___ Given data

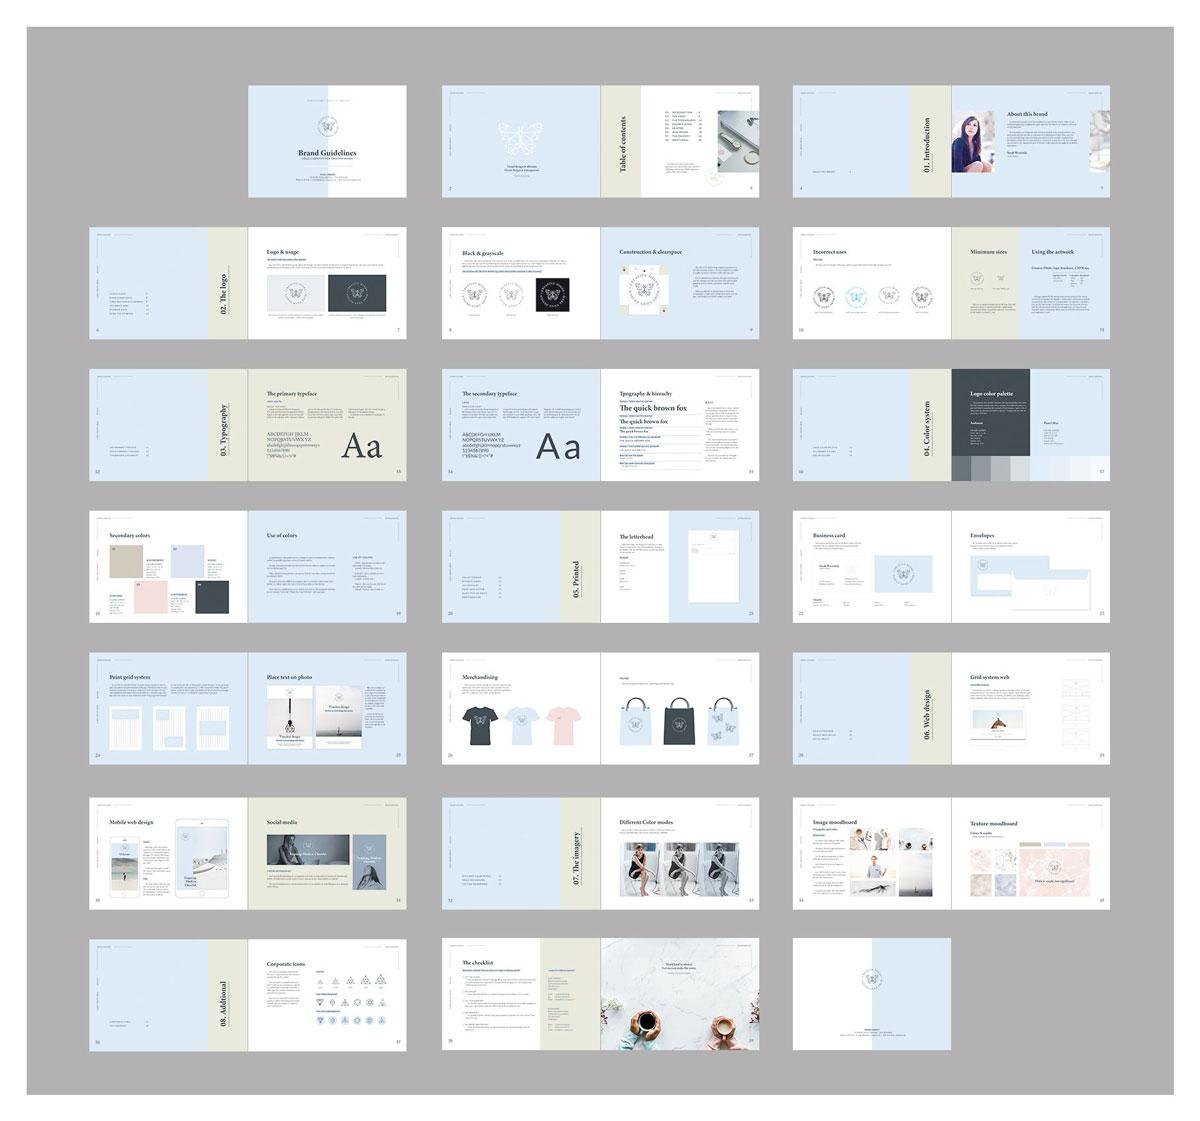 清新服装品牌VI手册标志指南画册模板 Brand Guidelines – Landscape插图(12)
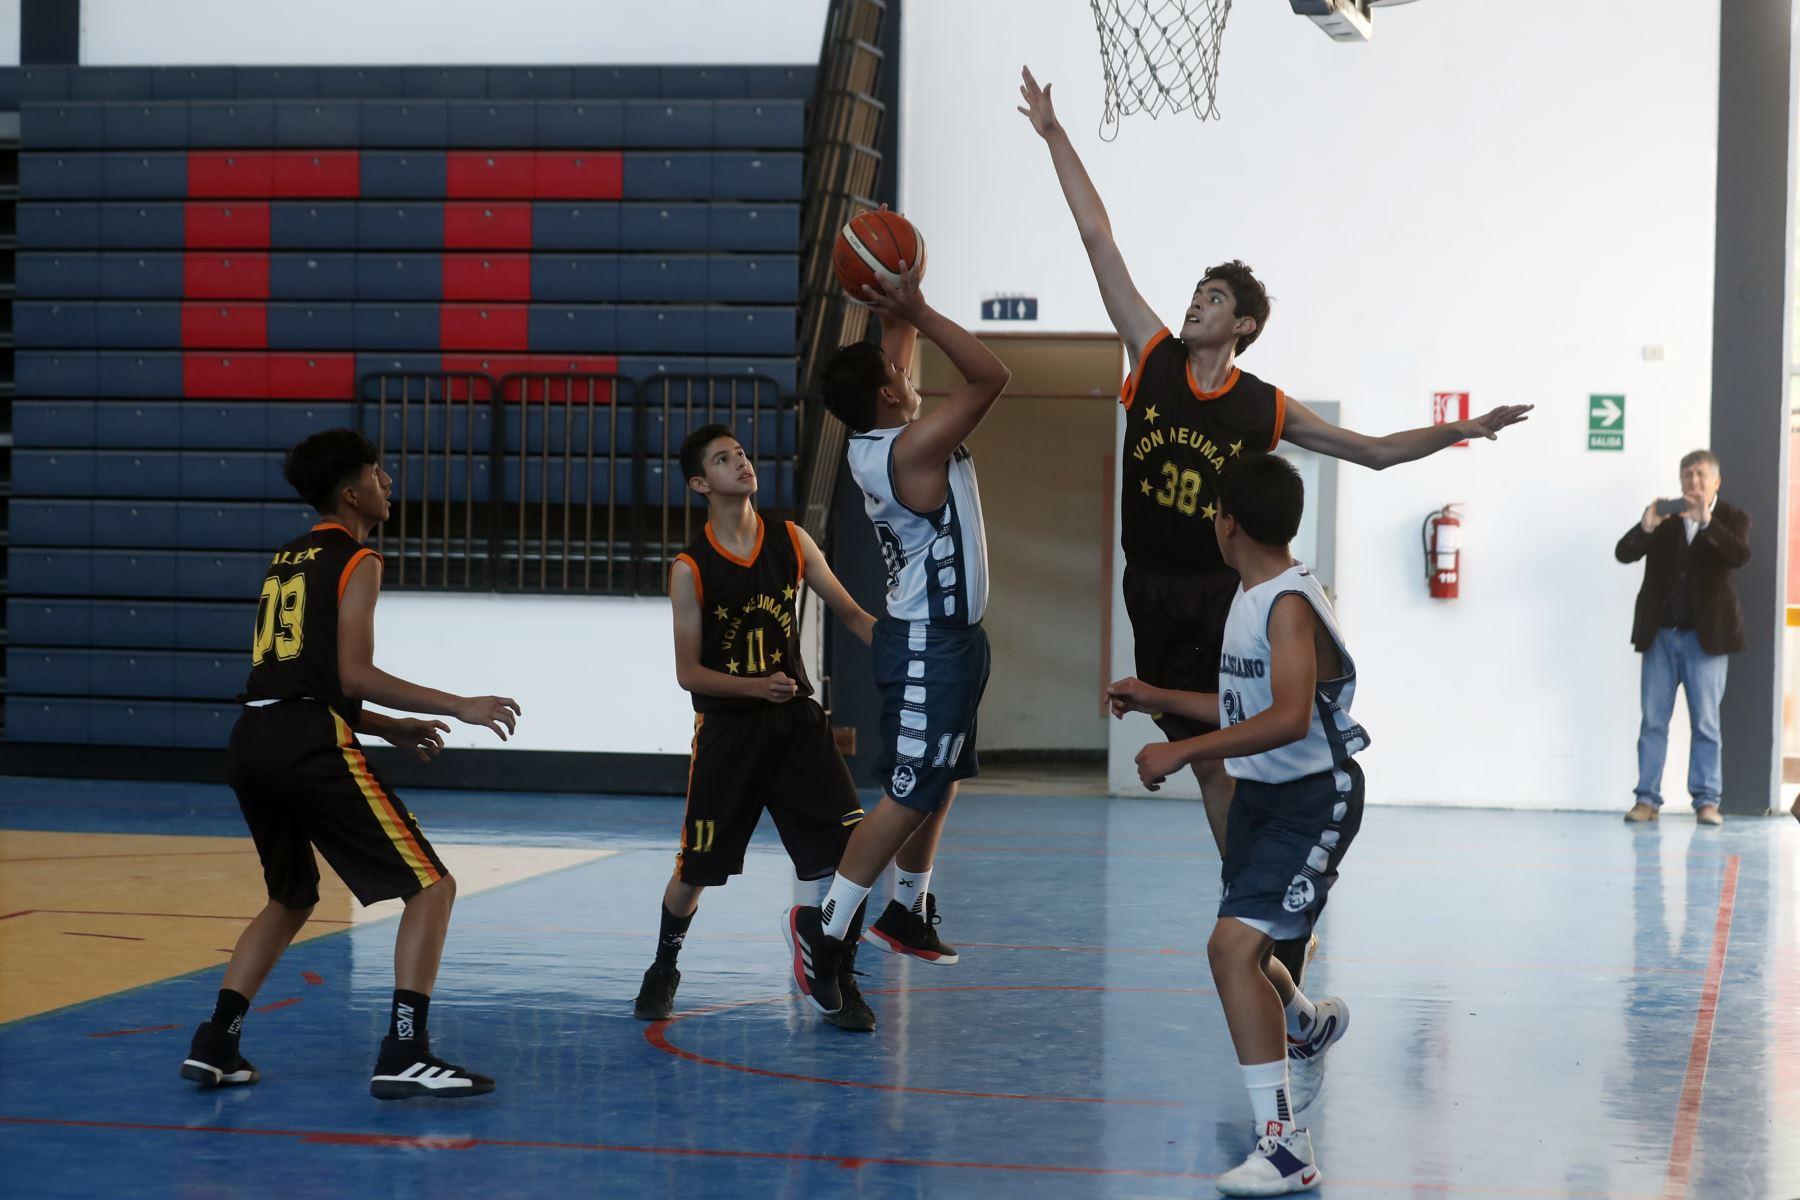 Colegio Von Neumann de Huanuco disputa encuentro con el colegio Don Bosco de Ayacucho en los Juegos Deportivos Escolares Nacionales desarrollado en el colegio La Recoleta de La Molina. Foto: ANDINA/Renato Pajuelo
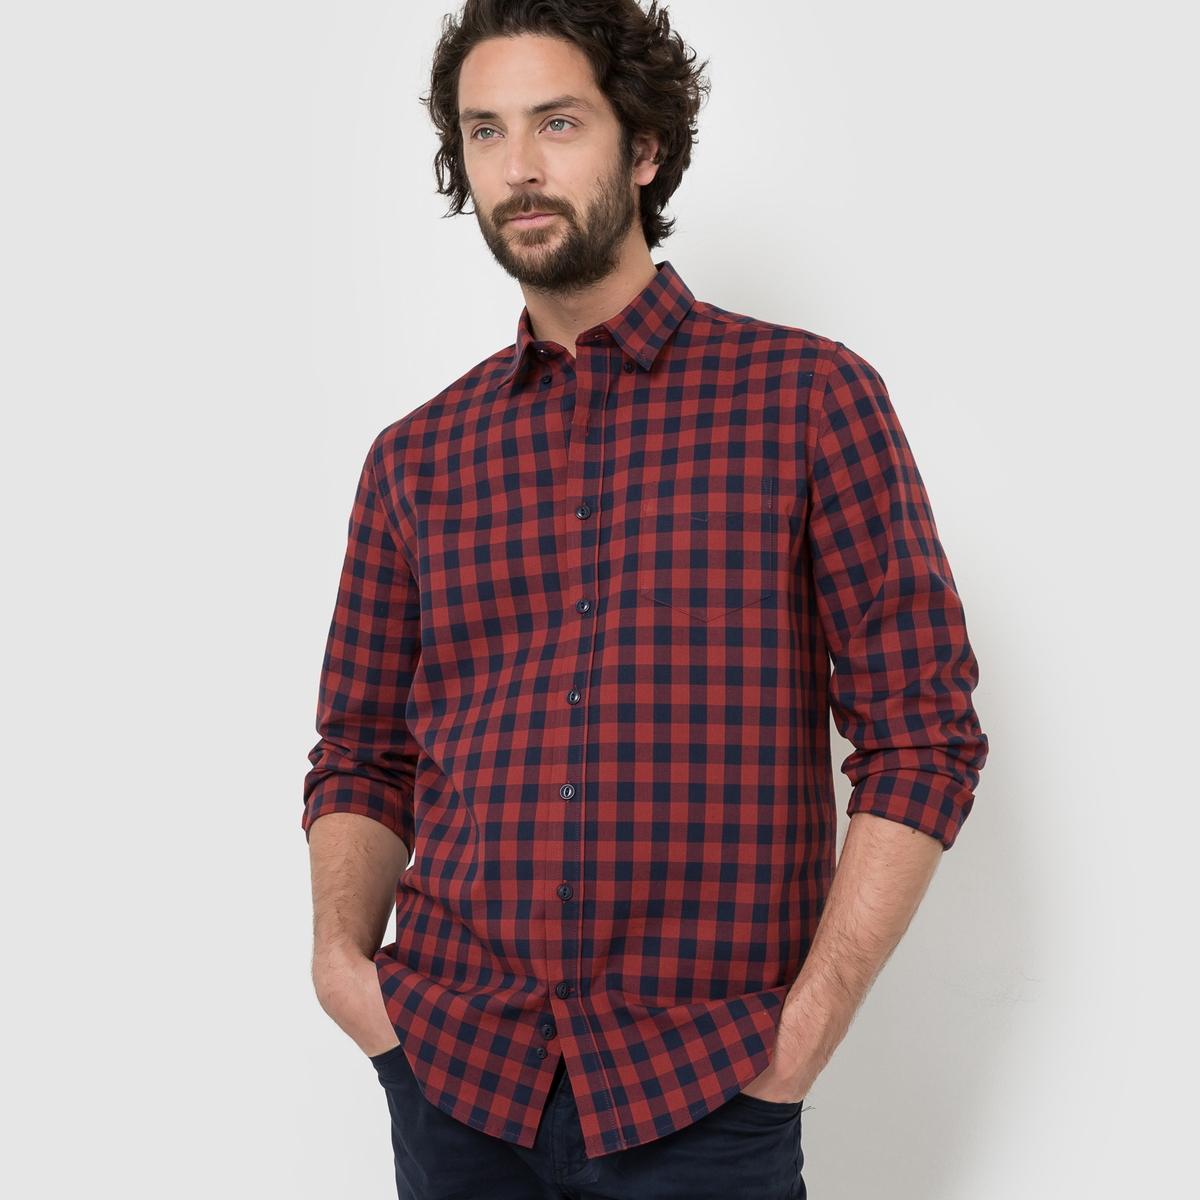 Рубашка прямого покроя с длинными рукавами, 100% хлопокСостав и описание :Материал : 100% хлопок  Длина : 76 смМарка :      R ?ditionУходМашинная стирка при 30 °С<br><br>Цвет: в синюю клетку<br>Размер: 45/46

______

All lines from the one holding "Colegio Von Neumann" through the last line of the material above should be set down exactly, and the pictures should be left out.

• **Answer area**:
 Colegio Von Neumann de Huanuco disputa encuentro con el colegio Don Bosco de Ayacucho en los Juegos Deportivos Escolares Nacionales desarrollado en el colegio La Recoleta de La Molina. Foto: ANDINA/Renato Pajuelo
 Рубашка прямого покроя с длинными рукавами, 100% хлопокСостав и описание :Материал : 100% хлопок  Длина : 76 смМарка :      R ?ditionУходМашинная стирка при 30 °С<br><br>Цвет: в синюю клетку<br>Размер: 45/46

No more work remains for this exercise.